Der vielfach preisgekrönte Schriftsteller und Professor Oswald Egger unternimmt in diesem Band einen Selbstversuch: Während eines ganzen Jahres nimmt er sich täglich eine Stunde Zeit, um einen Vierzeiler zu schreiben. Die so entstandenen Gedichte werden in einer mehrspaltigen Tabelle angeordnet und über eine ganze Buchseite verteilt. Dieses an die surrealistische écriture automatique erinnernde Verfahren stellt unsere Lesegewohnheiten infrage - man kann die Gedichte in beliebiger Reihenfolge lesen und auch Verknüpfungen zwischen ihren Worten herstellen. Zugleich werden die Grenzen zwischen Lyrik und Prosa aufgesprengt; die Vierzeiler müssen nicht zwingend linear von links nach rechts gelesen werden, vielmehr erlaubt ihre tabellenartige Anordnung dem Leserblick über die ganze Buchseite zu schweifen.

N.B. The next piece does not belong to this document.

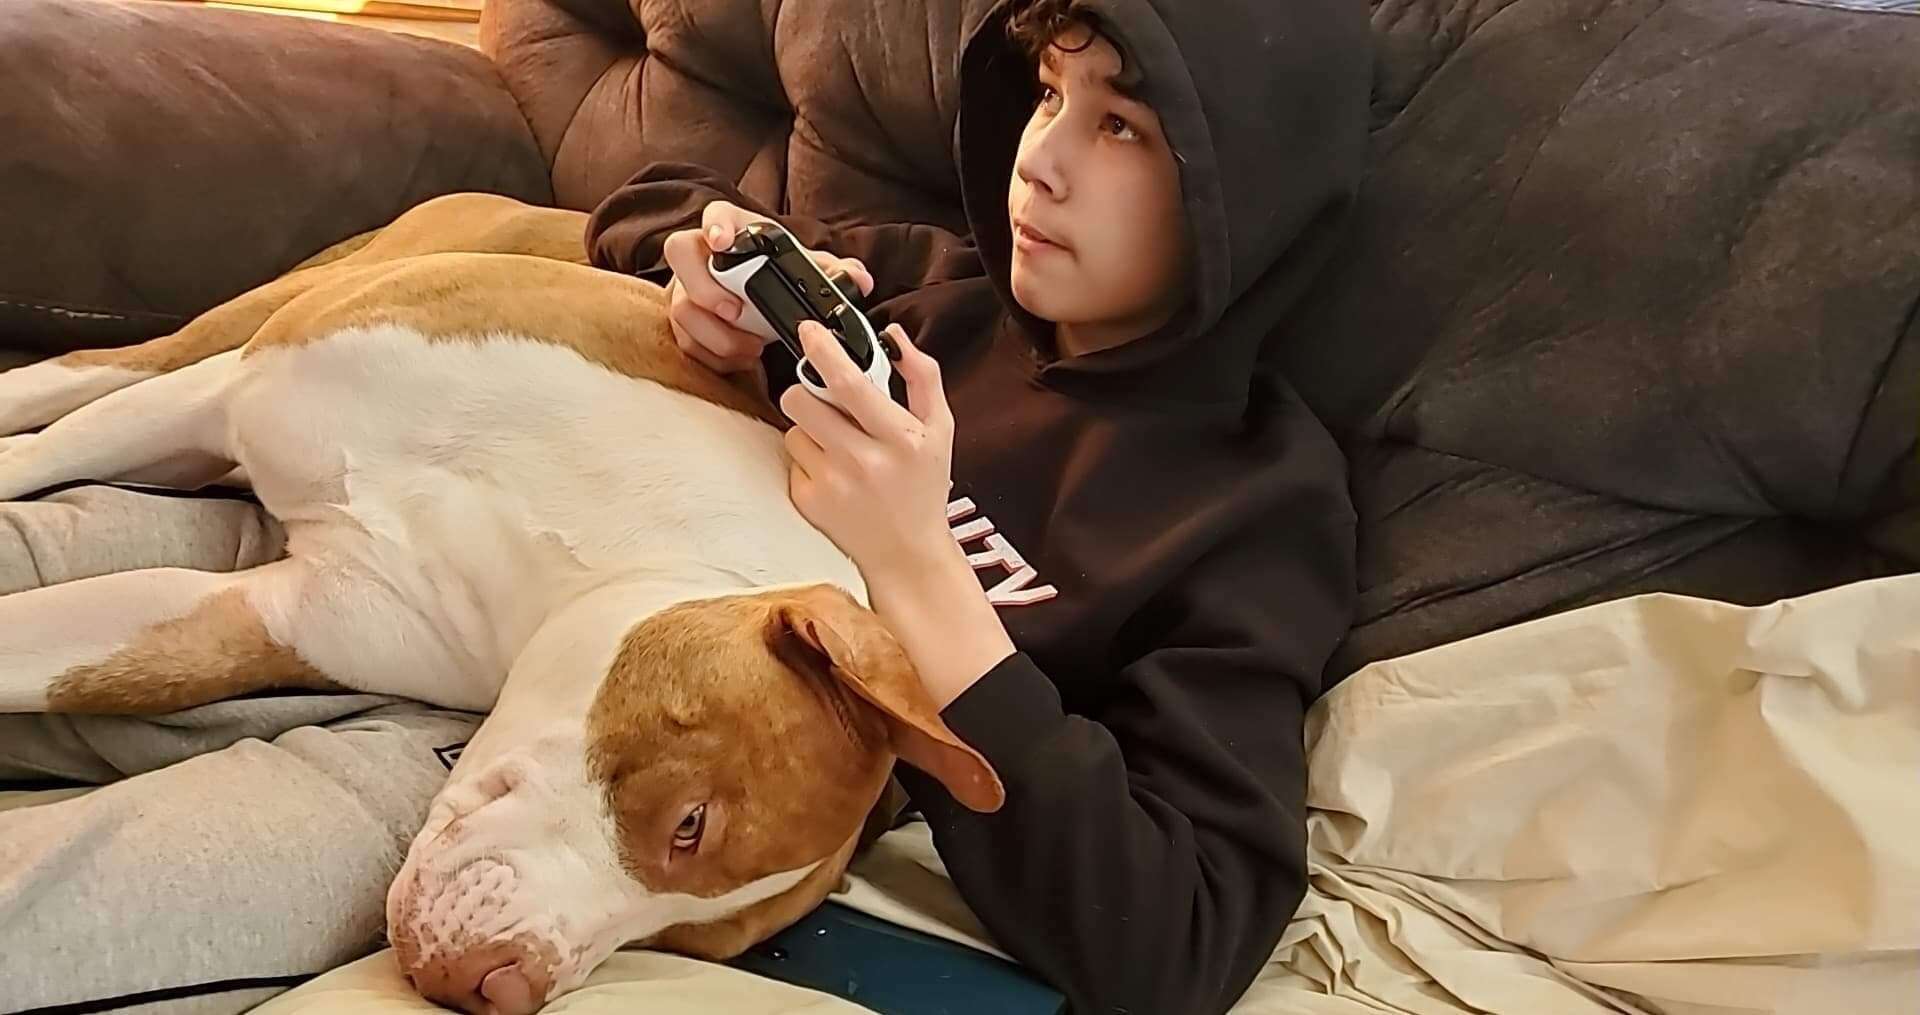 Hero dog alerts family to boy's allergic reaction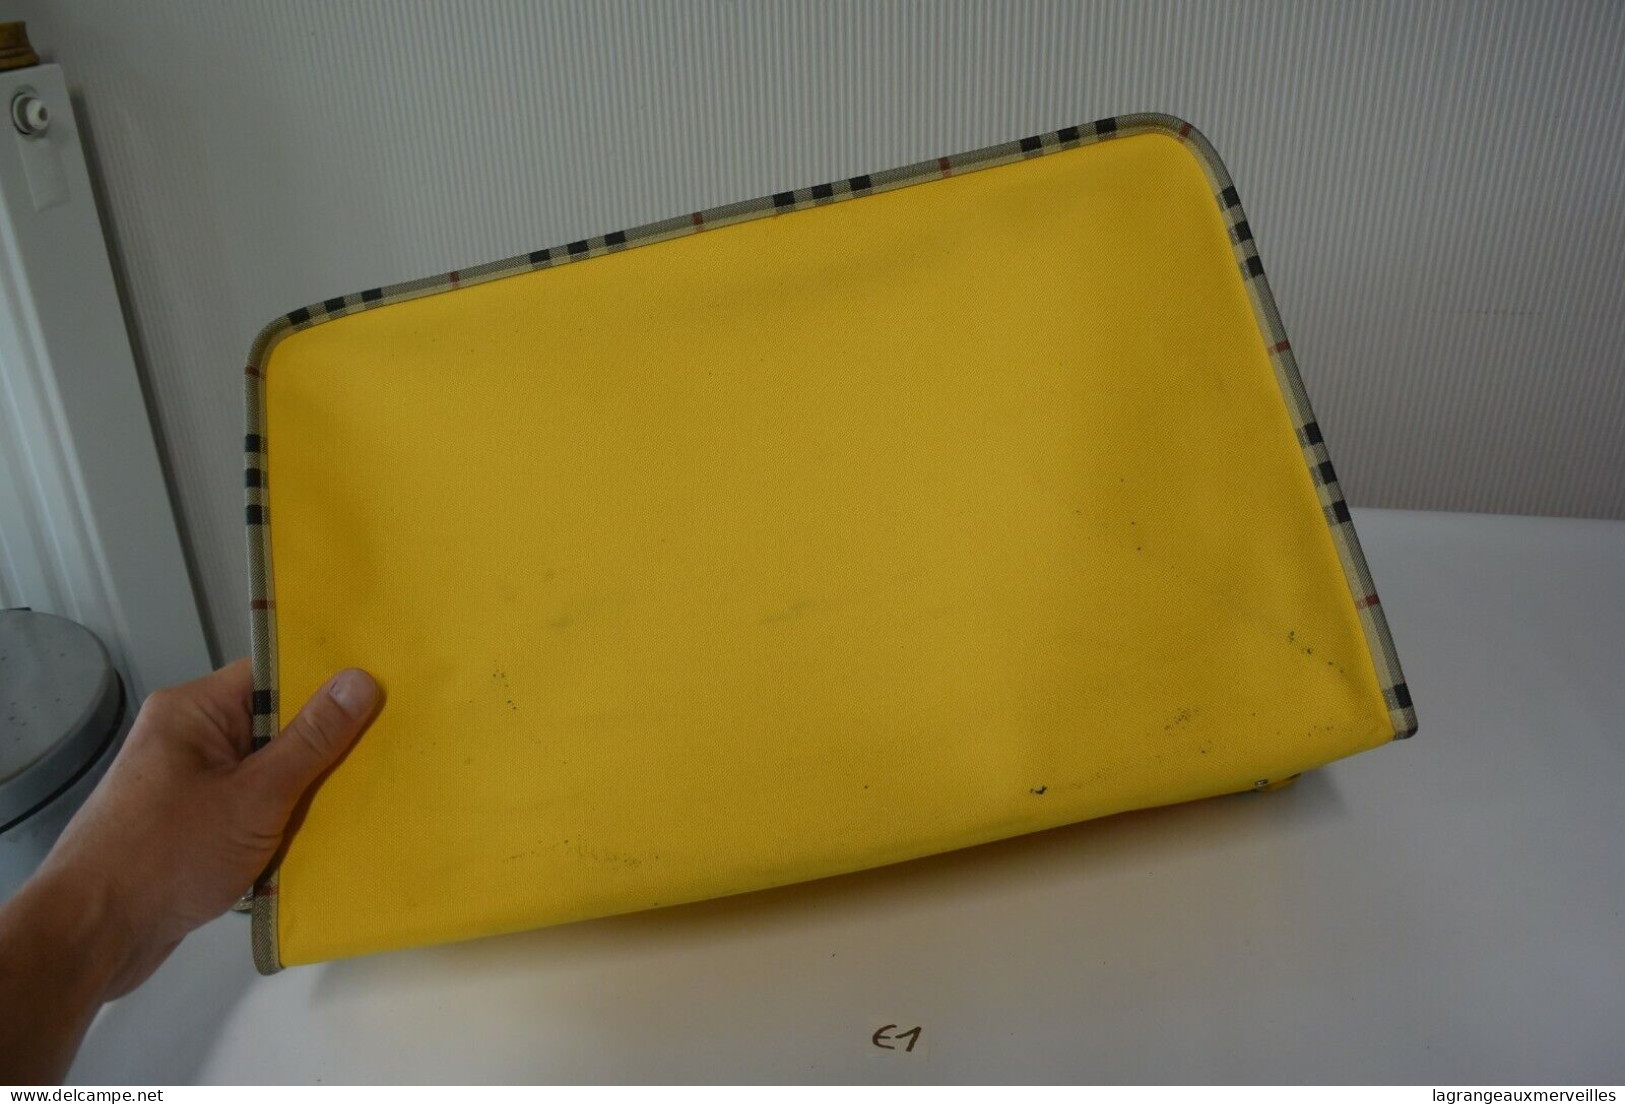 E1 Ancienne valise jaune - Burberrys Fragnance - Rare

Ohne theoretische Hinführung ist dieses Werk nicht verständlich. Denn zwischendurch geht es philosophisch zur Sache: Es geht um die Frage nach der Zeit. Die Zeittheorie des Augustinus wird aufgegriffen, Bezüge zur Kunstgeschichte sowie zur Literatur der Romantik sind da und wollen erkannt werden. Kein Werk also, das man einfach so dahin liest.
Besonders anspruchsvoll ist das Spiel mit metrischen Formen. Über weite Strecken ist dieses Buch - das manche als Prosagedicht bezeichnet haben - nicht über die Inhaltsebene zugänglich, sondern einzig über die Dimension der Form, d.h. über Rhythmus, Metrum, Reim und rhetorische Figuren. Man sollte also nicht nur philosophisch, sondern auch literaturtheoretisch, rhetorisch und literaturgeschichtlich ziemlich sattelfest sein, um da noch mitzukommen.
Ein Buch, das wesentliche Kategorien unserer Kultur infrage stellt (Was ist Lyrik? Was Prosa? Was ist Zeit? Wie lese ich?) und neu denkt. 5 Sterne von mir.